D'une stature imposante, et carré à proportion, M. Fortuné Bellehumeur aurait figuré avec avantage au premier rang d'une de nos compagnies de milice. C'est assez dire qu'il était bel homme. Malheureusement l'ensemble de sa physionomie était quelque peu gâté par un nez pyramidal, gigantesque, impossible, couvrant une partie de son visage d'une ombre éternelle. Mais hâtons-nous de dire que ce léger défaut était racheté par un front large et élevé sur lequel croissait une forêt de cheveux longs et bien plantés, toujours soigneusement entretenus, et que M. Fortuné Bellehumeur se ramenait gracieusement au milieu du dos pour en former, suivant la mode d'alors, une queue invariablement ornée d'un ruban rose, avec une coquetterie toute féminine.
Je m'aperçois que je n'ai pas encore dit un seul mot des yeux de M. Fortuné, — ces deux miroirs de l'âme, suivant la psychologie.

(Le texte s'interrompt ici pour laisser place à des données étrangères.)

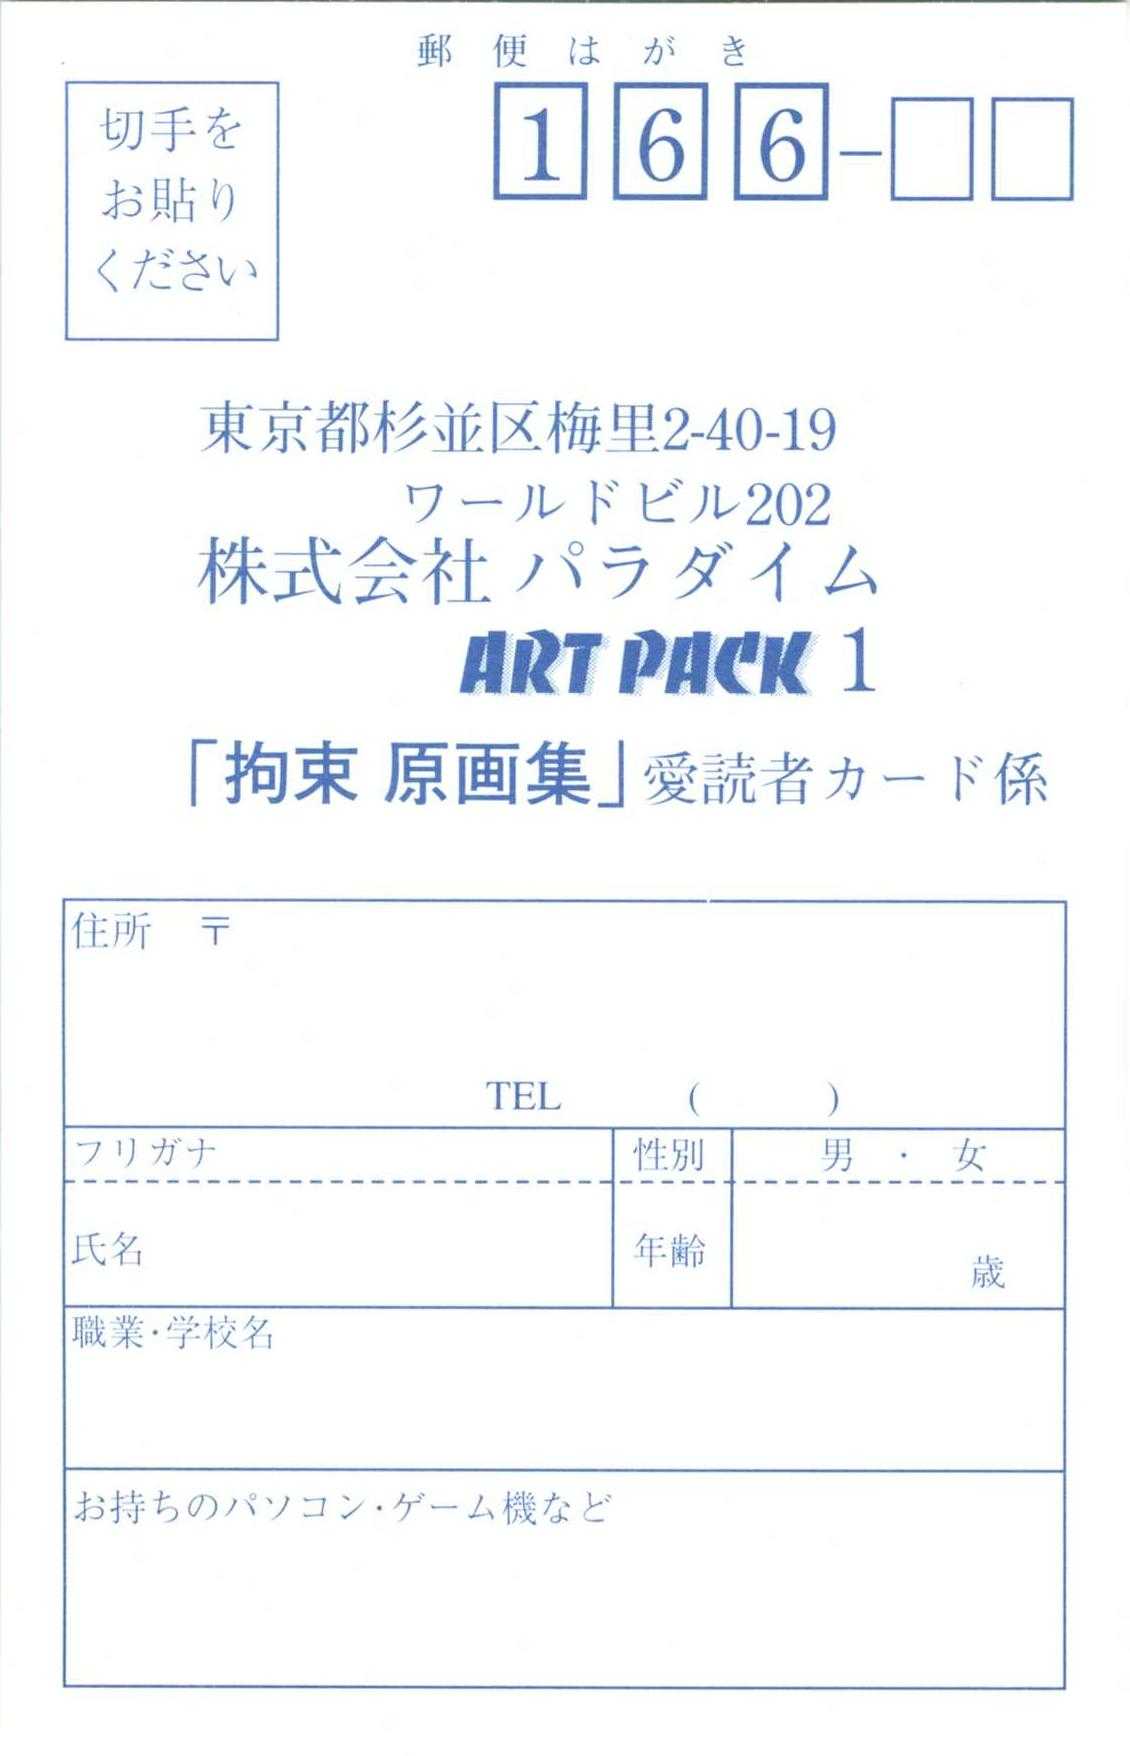 [PARADIGM] Art Pack 1 Kousoku Original Artworks (原画集) [パラダイム] Art Packシリーズ1 拘束 原画集

M. Fortuné Bellehumeur avait les plus beaux yeux du monde, très vifs, pétillants d'esprit et de malice. Le fait est qu'il aurait pu en revendre au procureur le plus madré, le plus subtil et retors de son temps; ce qui, soit dît entre parenthèse, lui servait infiniment dans son commerce assez étendu de fourrures.
Ajouterais-je, chers lecteurs, que M. Bellehumeur était toujours mis avec une certaine recherche, quoiqu'il frisât la quarantaine ?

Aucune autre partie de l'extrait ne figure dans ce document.